Today, October 10th, is World Mental Health Day. In honor of Delilah's son and all the other people out there who are have dealt with depression on a daily basis, I have decided to share my own struggle with depression. This piece was written for a class, but I feel that its relevance is too significant to lock away in my computer or notebook. It shares a title with the headline of this article, which is "40 Reasons I Continue Fighting My Depression."



1. Because I’ve spent my entire life battling severe asthma and am not ready to lose this war



2. Because I’m afraid the people I rely on and believe in rely on and believe in me just as much


3. Because I haven’t seen the widespread arms of the Milky Way in the sky yet



4. Because I want to see the song “Seasons of Love” performed live and sing along





5. Because I know every song from “Wicked” by heart and still haven’t seen it



6. Because I don’t want my gravestone to read “Would sooner die than take Intro to Shakespeare”

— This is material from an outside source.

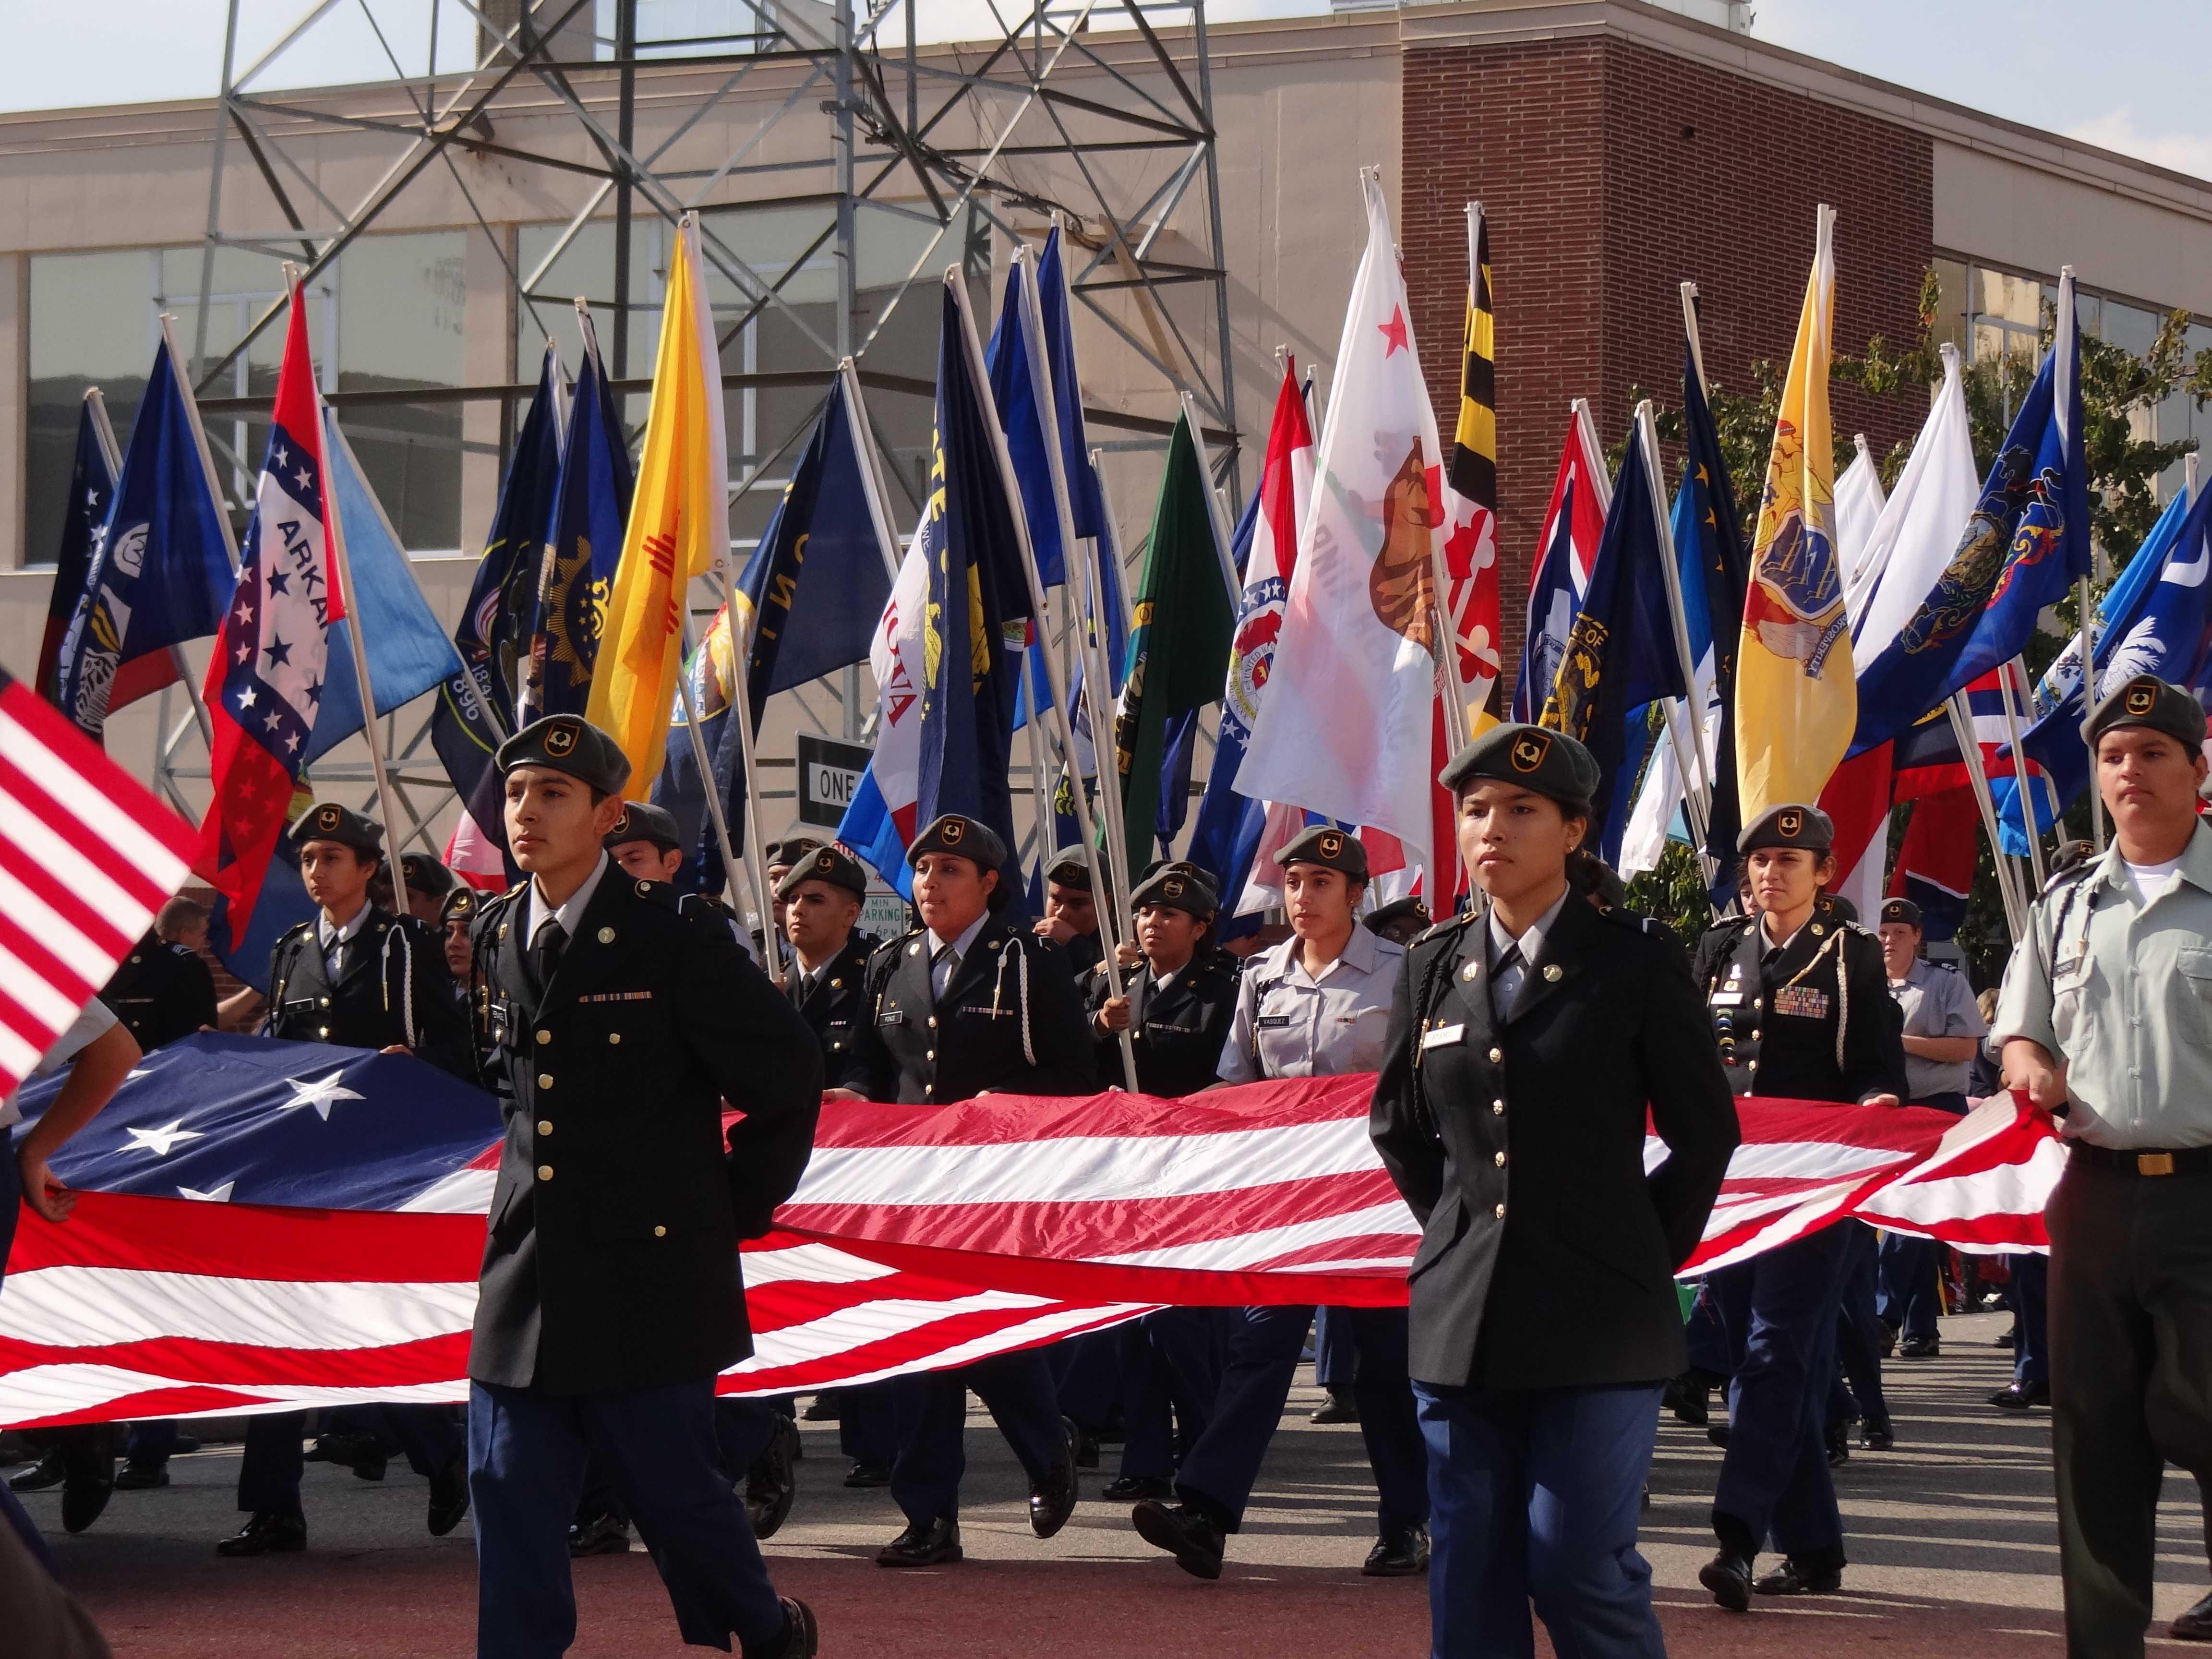 Parade honors service members
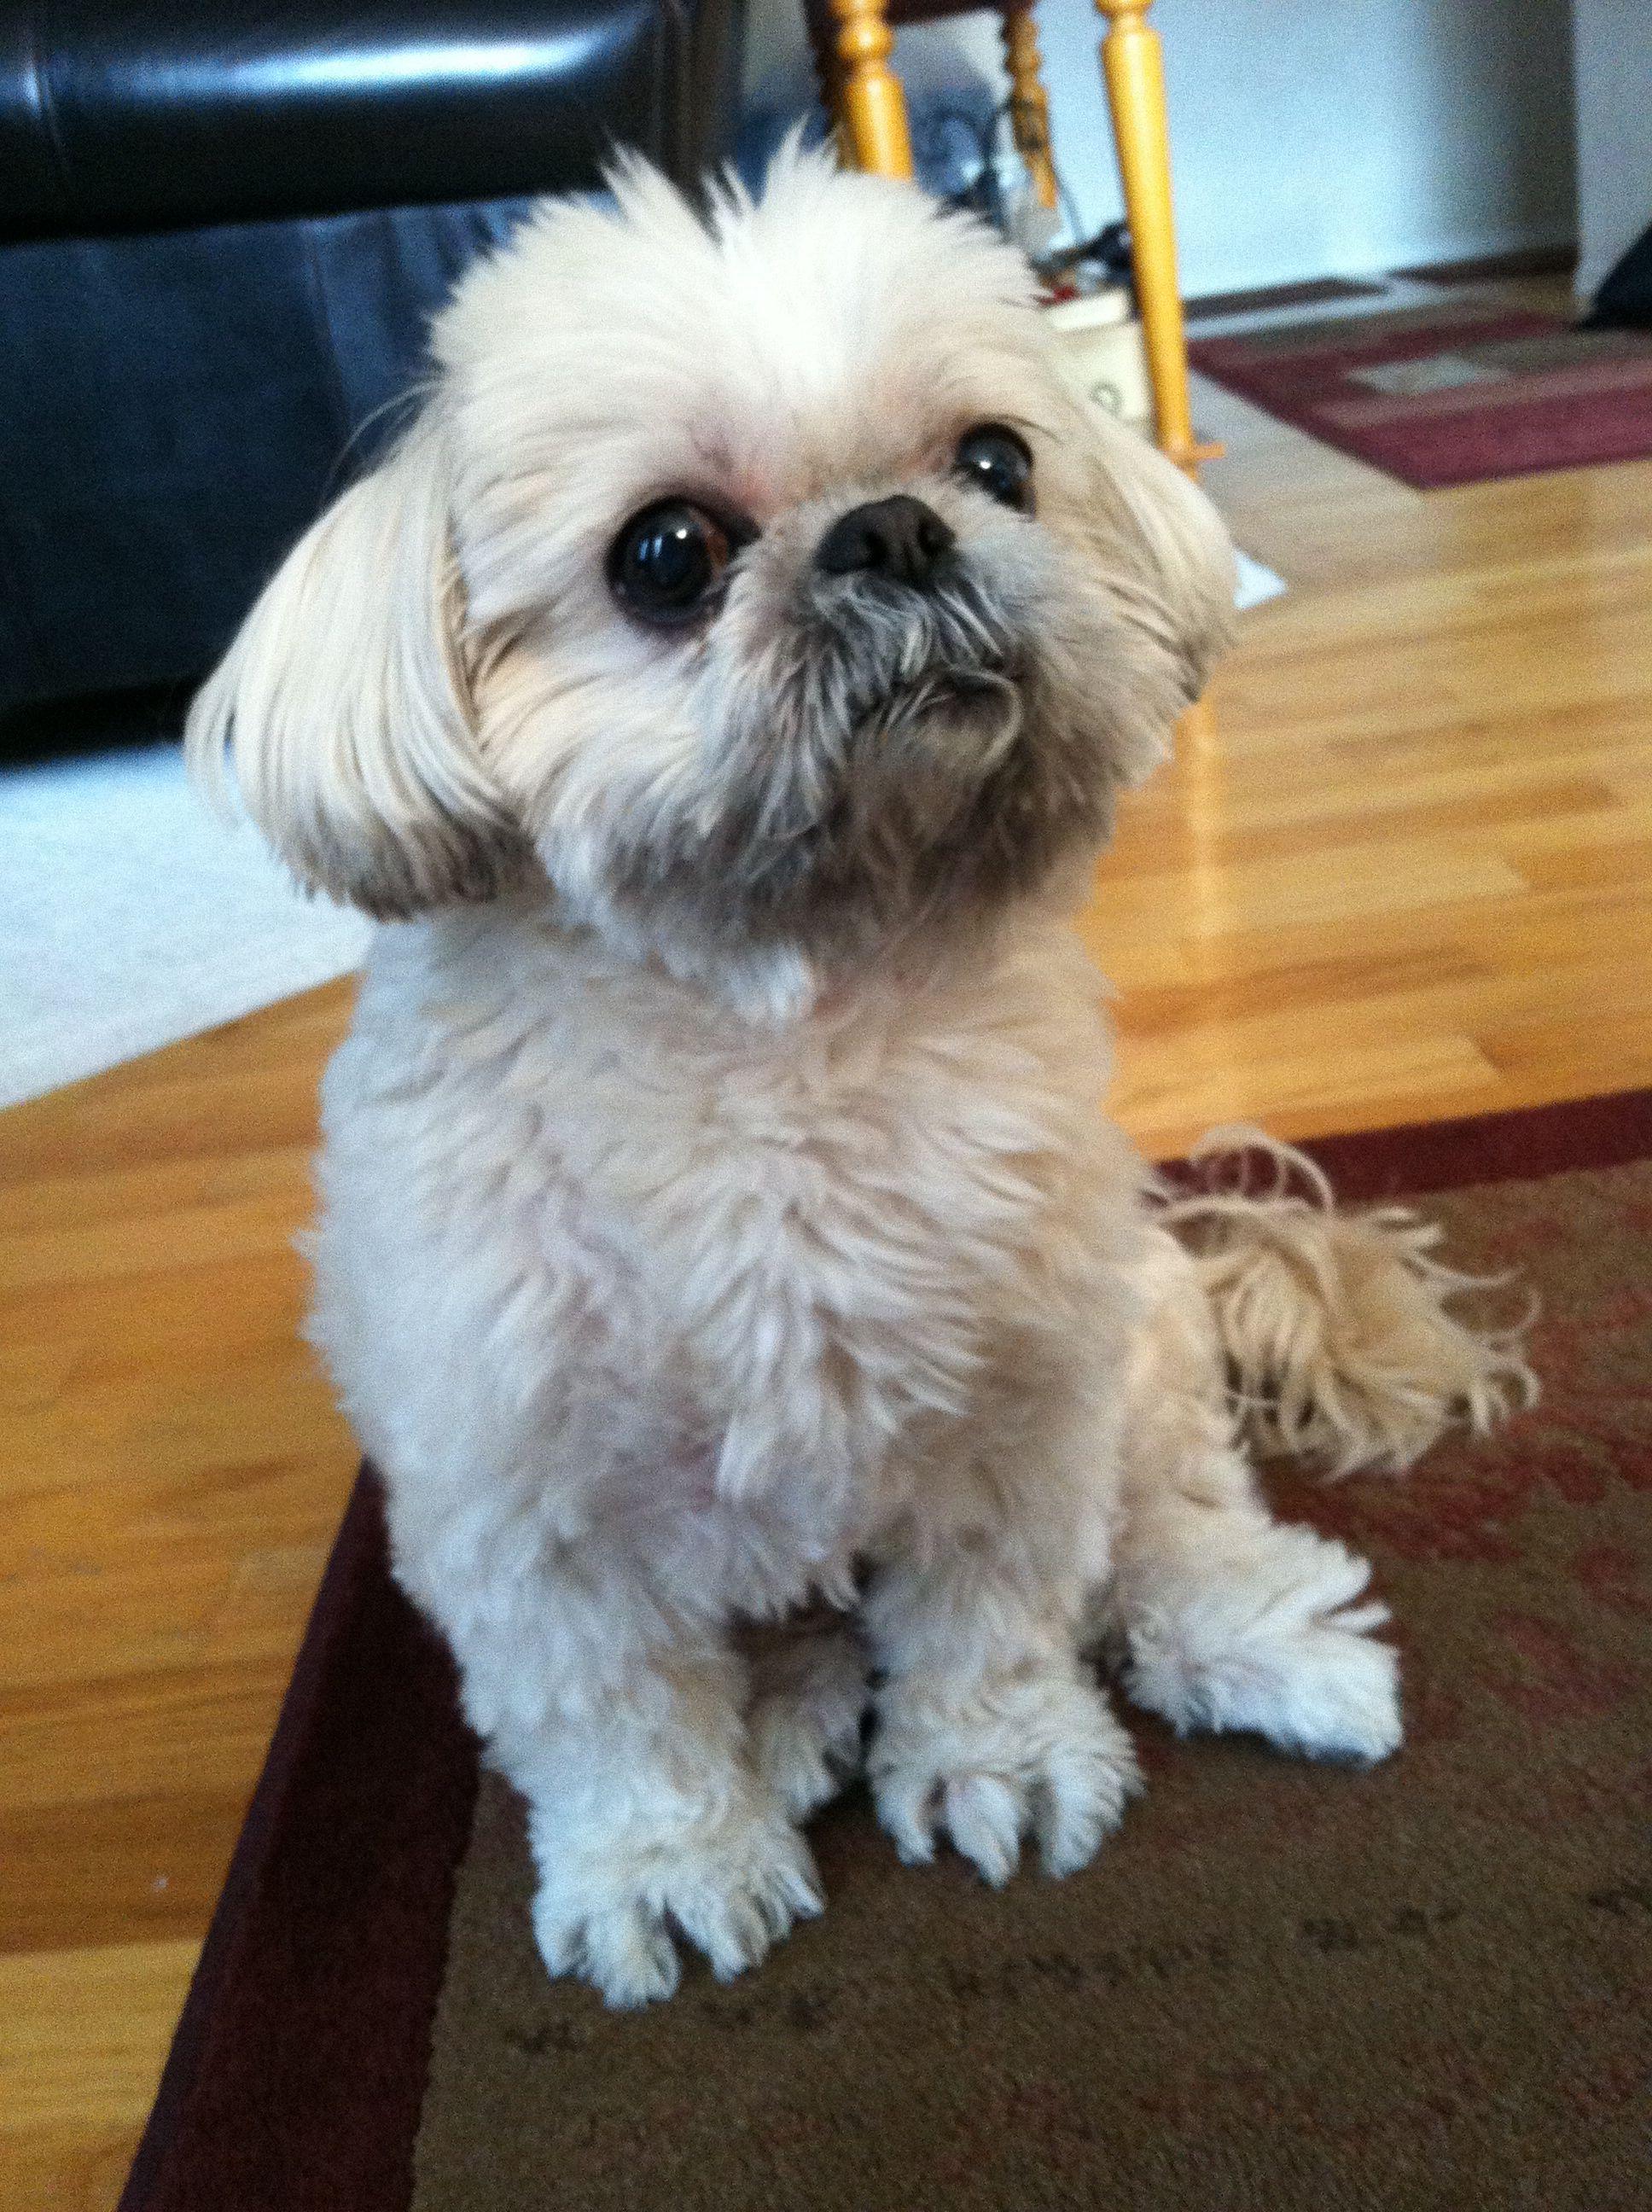 My Shihtzu Lucy Shih Tzu Shih Tzu Puppy Shih Tzu Dog

7. Because I’ve only lost 88 pounds so far this year and I know there’s a diamond within me waiting to shine



8. Because no matter how unlovable I feel, I have to believe there’s someone out there for me



9. Because giving up means hurting others, something I can’t bring myself to do



10. Because if I die, my father would have been right in telling me my health was a risky investment



11. Because I want to find someone to sing “I’ll Be” by Edwin McCain to





12. Because my suitemates would never again hear me singing love songs at 2 in the morning



13. Because I still believe I can make a difference, and I can’t squander that chance



14. Because telling my story might give others like me the strength to keep fighting



15. Because Juan Felipe Herrera challenged me to turn my pain into a force of change in the world



16. Because I can still prove to the world that not all American men are heartless bastards



17. Because I’d love to take a show choir to compete with a set list of Journey songs



18. Because Enrique Iglesias’ song “Hero” taught me I was gay at the age of 8 and that’s too funny not to share





19. Because a pen pal from New Zealand went out of his way to teach me to love myself after 23 years of hate.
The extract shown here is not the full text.